Addressing Challenges in Analyzing Heterogeneous AAV Populations

Adenoassociated virus (AAV) vectors are made from nonenveloped virus capsids that contain single-stranded DNA. As a leading delivery system for gene therapy, AAVs are in
development to treat a number of genetic diseases (1). As the industry has advanced, the number of clinical trials involving such vectors has risen dramatically (2), increasing the need for effective manufacturing and quality control (QC) methods.
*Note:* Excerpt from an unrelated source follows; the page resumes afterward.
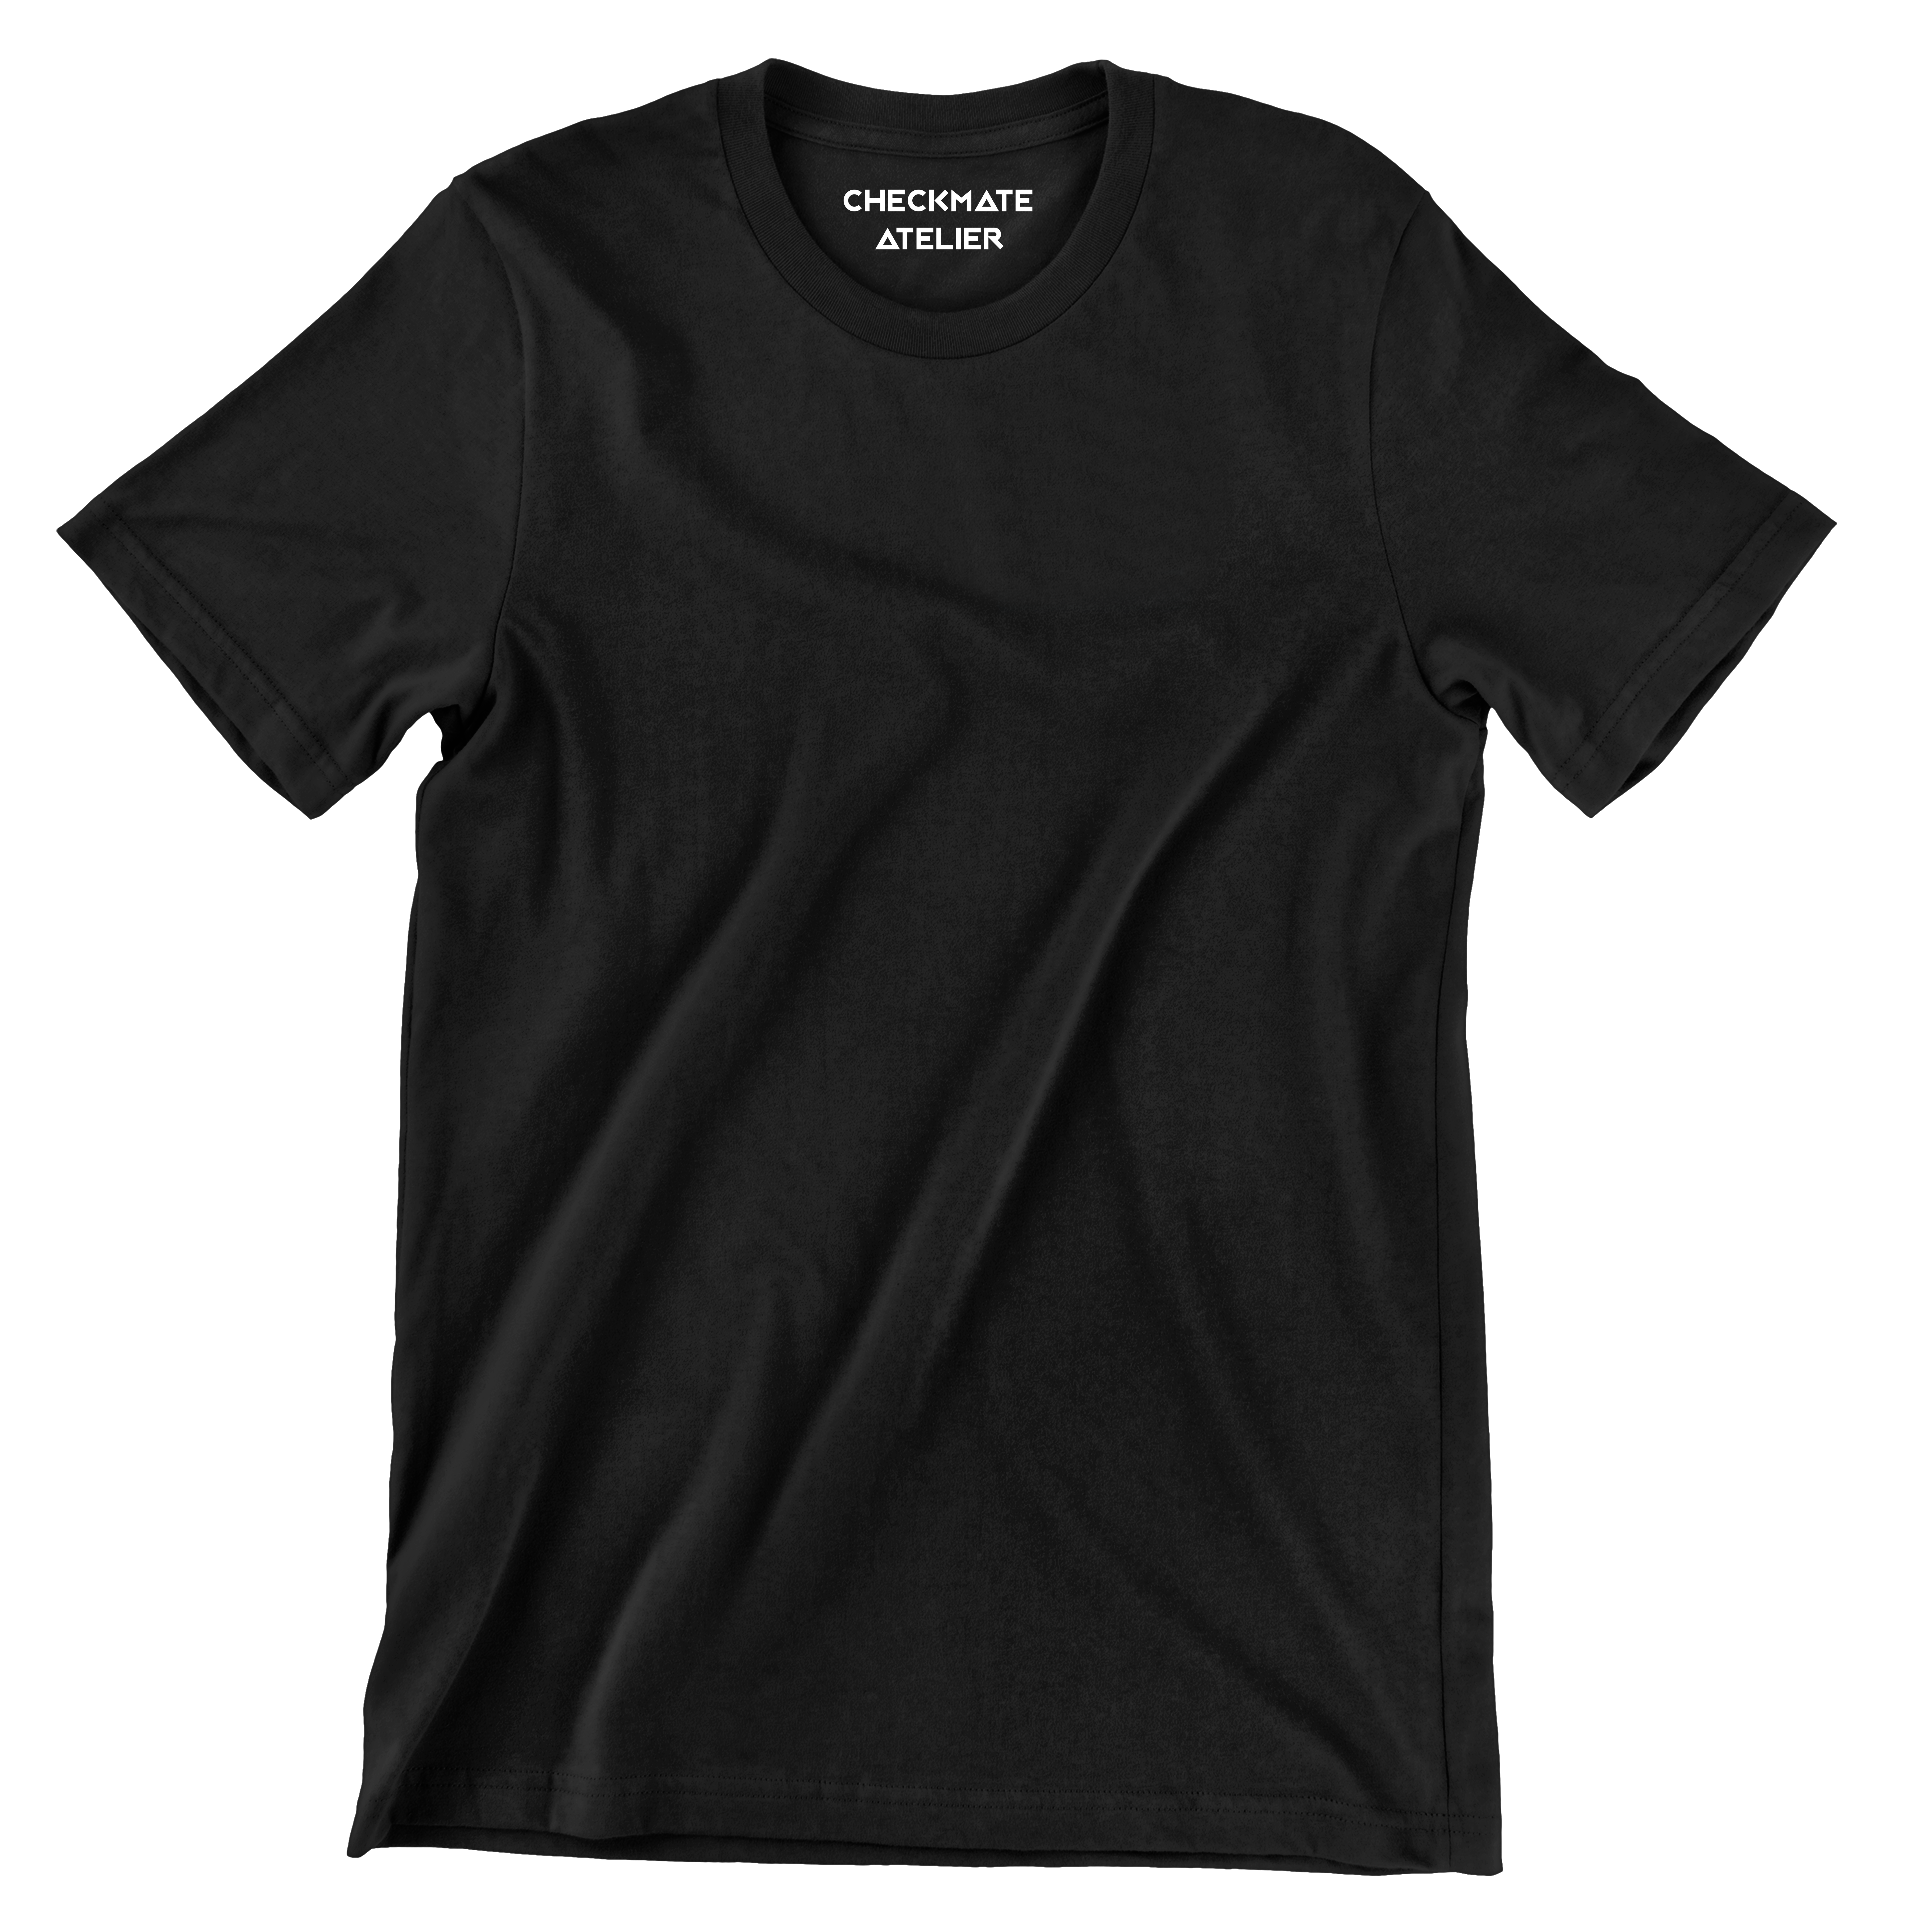 Black Round Neck T-Shirt - Shop Now - Checkmate Atelier
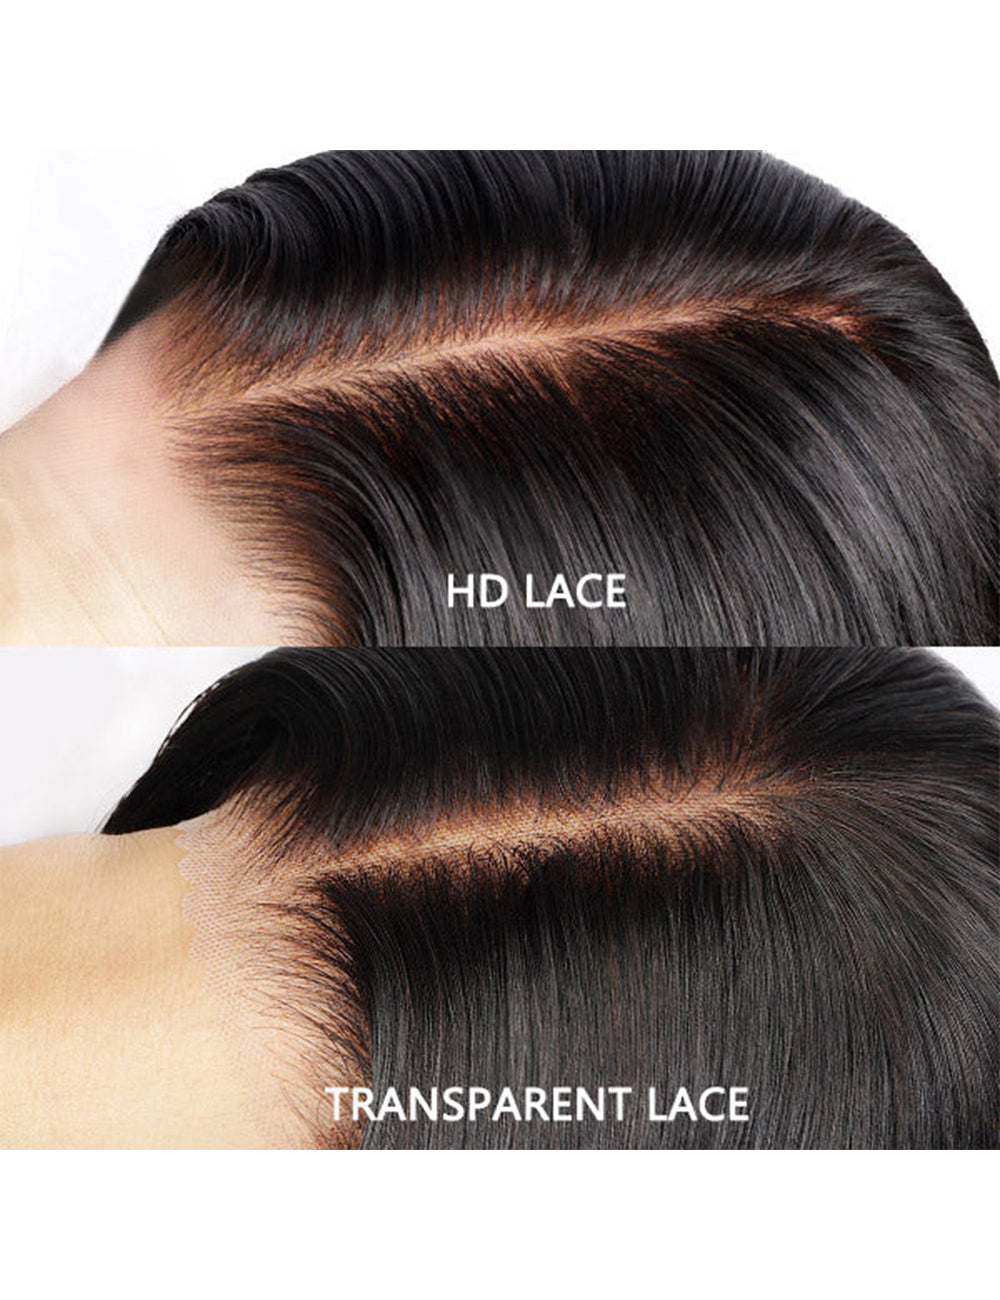 PartingMax Glueless Invisible Knots Human Hair Wigs Straight Hair 7x6 Pre Cut HD Lace Closure Wigs

During biomanufacturing, expressed AAV capsids can incorporate both target and host-cell DNA in a heterogeneous population. Viral capsids can be empty, partially filled, correctly filled, or overfilled. The desired capsids contain a full-length transgene needed for gene therapy.

Empty, partially filled, and overfilled AAV capsids are considered to be impurities and pose risks such as competing with functional, correctly filled vectors for host-cell attachment and entry, altering drug potency, and increasing the potential for immune reactions (3). Characterizing the ratio of correctly filled to empty, partially filled, and overfilled particles is thus essential for proper dosing, patient safety, and optimization of culture productivity and manufacturing consistency.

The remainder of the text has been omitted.